Stable communities and the Suck Principle

NO ENTRY FOR GENERAL PUBLIC (cc) secretlonden123

“For anyplace to stay cool it has to suck.” Dmytri Kleiner wrote up some interesting thoughts on making communities more continuous and stable. When a place becomes too cool, it becomes too crowded, and the regulars are replaced by a more transient crowd that has no deep bonds to the community of regulars. Referring to a quote by Yogi Berra, “nobody goes there anymore, it’s too crowded“.Dmytri draws on his experience with 28C3, the latest Chaos Computer Congress, held yearly at the end of December, in Berlin, and proposes The Suck Principle:

Only places that suck can really have a continuous community, because if nothing about the place sucks, it will attract more and more people until it sucks because of crowding. So if you want a continuous, closely knit community, something about the venue or event must suck, your only choice is what should suck or how it should suck.

I think it’s a variation on what I regularly tell organisations who want to build an online platform around their mission: community is about exclusion, not about inclusion. It’s about constructing boundaries, whether enforced or self-selective.

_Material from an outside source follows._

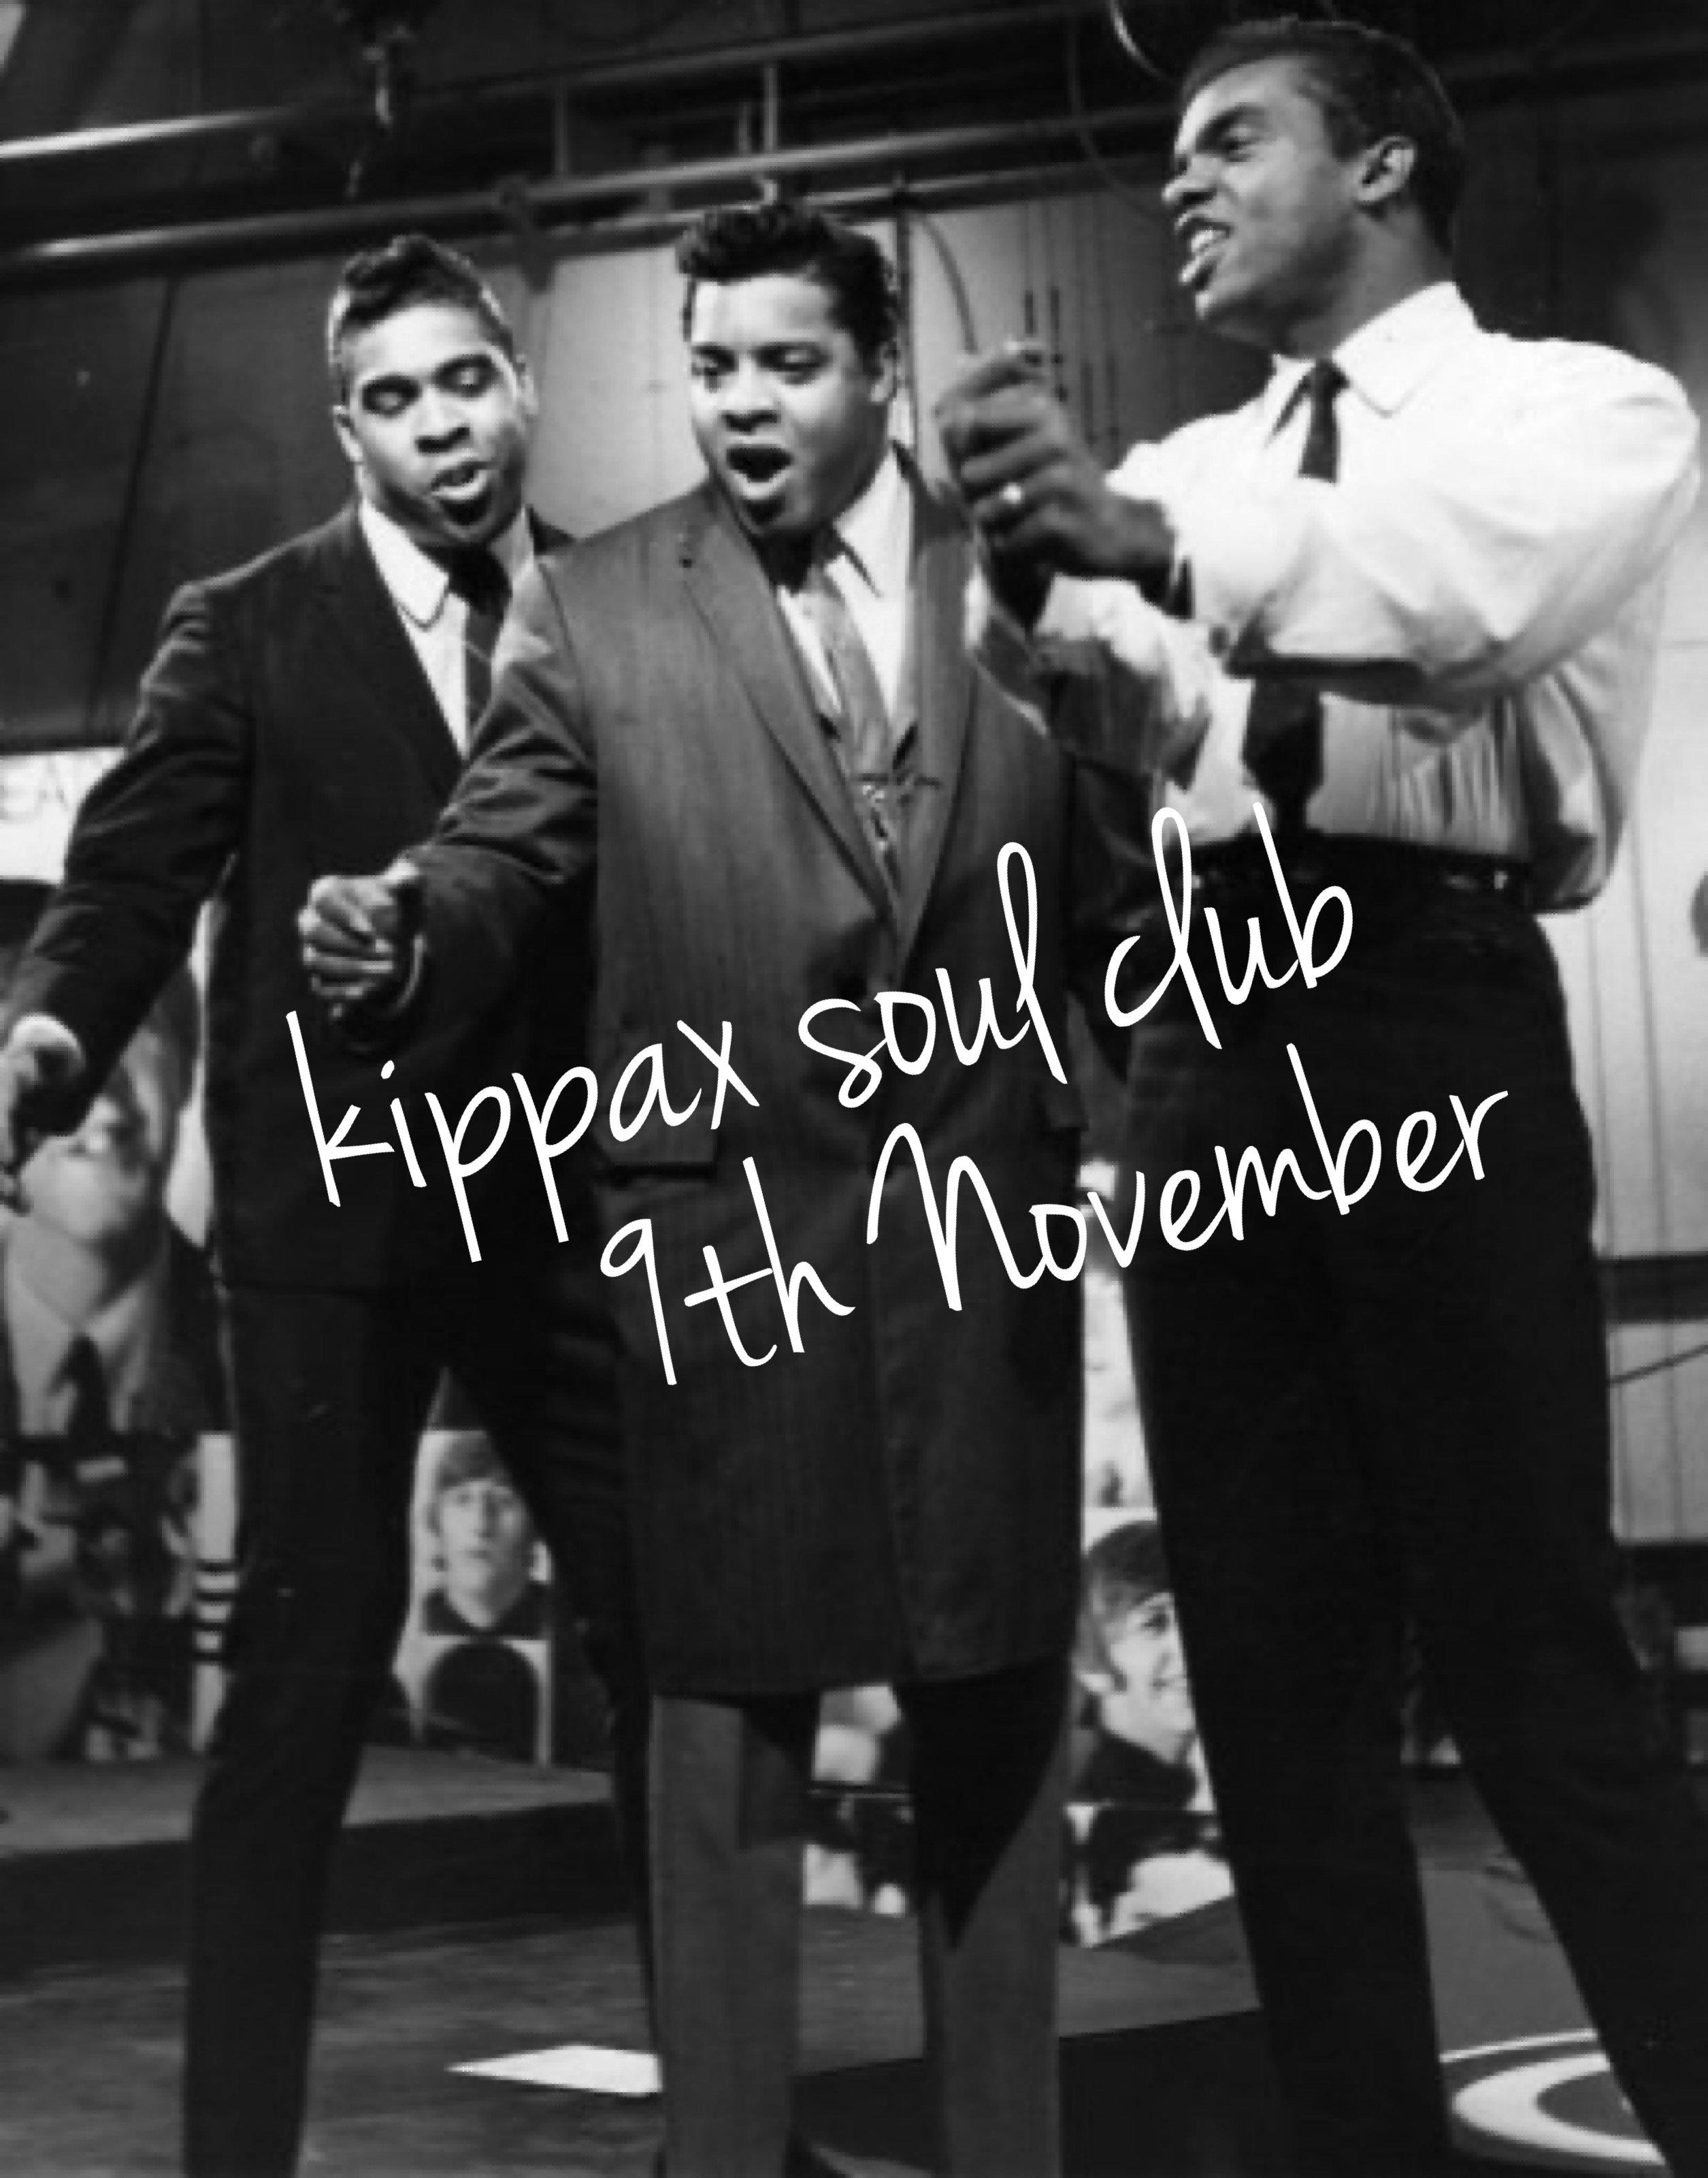 Kippax Soul Club flyer

Offline, physical location or dimensions are usually one of the barriers. Dmytri dismisses the option of relocation CCC, but my experience with for instance Web of Change at Hollyhock, on Cortes Island. off the West coast of British Columbia, is that “traversing the barrier to entry together” is a bonding experience in itself, creating community bonds that extend well beyond the few days that participants spend together.

Online, there usually is plenty of stuff that sucks. But little of it forms barriers to entry that double as “social objects”, around which participants can come together and bond, both with each other as well as with the social norms of the community you then enter.